In the coming months, the contract manufacturer reportedly conducted additional analysis of U.S. market and supply chain related opportunities regarding the needs for various LCD displays.
In February of this year, we highlighted for our readers a published Reuters report indicating that the contract manufacturer was one year later, reconsidering the scope of its Wisconsin investment. Rather than a high-volume manufacturing, Foxconn was considering a termed “Technology Hub.” The Reuters report indicated that while the global contract manufacturer was still evaluating options for Wisconsin, the reality of existing U.S. based supply network capabilities and the economics producing advanced television screens in the United States appear to have turned toward non-competitive. Once more, citing informed sources, the report indicated that the global contract manufacturer was prepared to walk away from future incentives if the manufacturer was unable to meet Wisconsin’s job creation and capital investment requirements.
Our stated Supply Chain Matters perspective in February provided our view as to what changed appeared to be Apple’s, and increasingly other consumer electronics and broader-based manufacturers’ ongoing wake-ups to the realities to a definitive slowing of economic growth across China and to the implications of increased tariffs and trade tensions involving foreign-based manufacturers with product origins in the country. We further highlighted reports that Foxconn was moving rather quickly to establish a new iPhone manufacturing presence in India or Vietnam.

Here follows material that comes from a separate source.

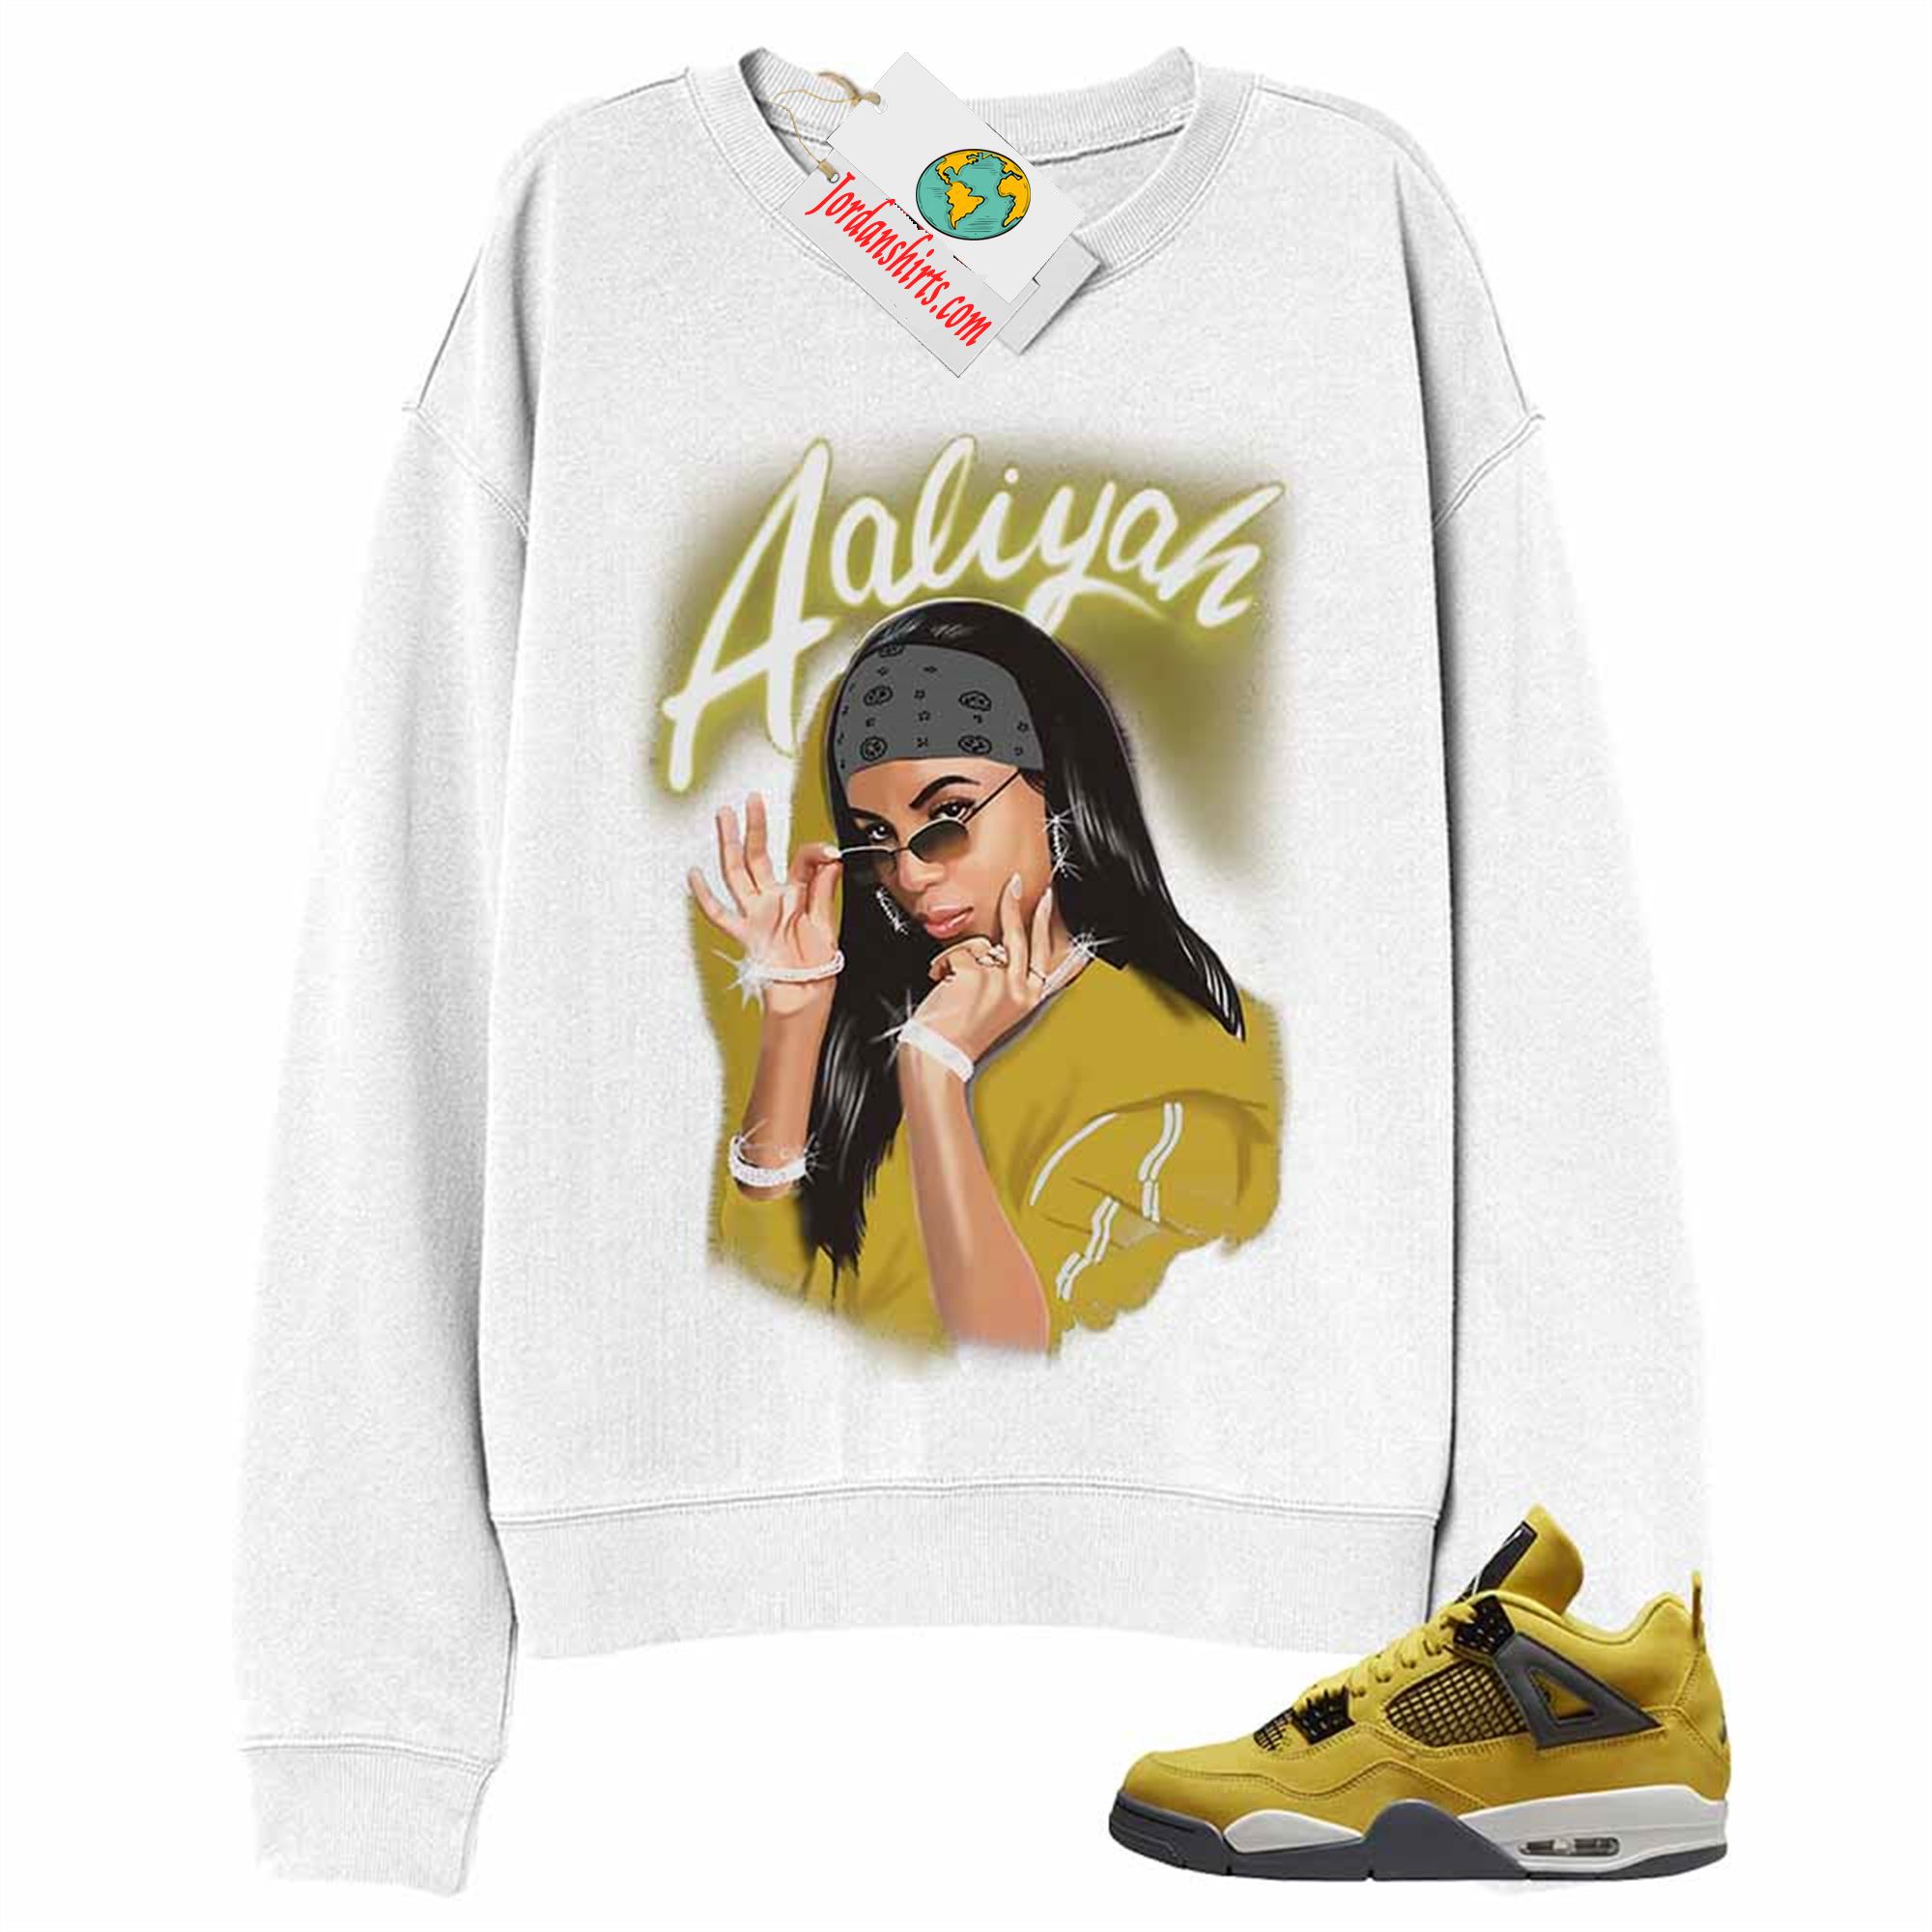 Jordan 4 Sweatshirt, Aaliyah Airbrush White Sweatshirt Air Jordan 4 Lightning 4s Size Up To 5xl

Last month, Foxconn indicated that it would begin construction later this year of a Generation 6 production facility that would produce small screens for mobile phones, tablets, televisions and other devices. The original commitment was to build a Generation 10 facility that would have produced far larger screen devices.
Last week, newly elected Wisconsin Governor Tony Evers, a Democrat, indicated that his state wanted to renegotiate the state’s $3 billion incentives contract with the global manufacturer, indicating it was now appearing unrealistic that upwards of 13,000 people would be employed.
The Governor indicated to reporters that the state was working directly with Foxconn toward revising the original contract because it “deals with a situation that no longer exists.” Evers reportedly indicated: “Clearly, the deal that was struck is no longer in play.”
Opposition political party members, including the influential State Assembly Speaker indicated a differing view, that the deal was “ironclad.”
Last week, we highlighted for readers a published Bloomberg report indicating that Foxconn will initiate production of the latest iPhones at a new production facility in India. While some may draw no parallels to both developments, we believe that there are parallels, namely where influential high tech and consumer electronics branded companies such as Apple plan to establish an alternative manufacturing and supply chain volume hub for their products.
Least we omit one other announcement.
Foxconn founder and Chairman Terry Gou indicated to Reuters that he plans to step down step down in the coming months, 45 years after founding the company that made him Taiwan’s richest citizen. Reportedly, an announcement to shareholders is expected in June. There are no visible successors to Gou’s leadership role at the company. A separate report from Bloomberg reported that Gou has announced his candidacy to be Taiwan’s President.
Each of these developments add more to the ongoing speculation or lack of firm commitment related to the Wisconsin presence.
As is often the case, when business decisions counter political decisions, the results can be mixed, at-best. Throw in the political dimensions of “Make America Great Again, “and the monetary and trade policy implications, and the situation gets messy.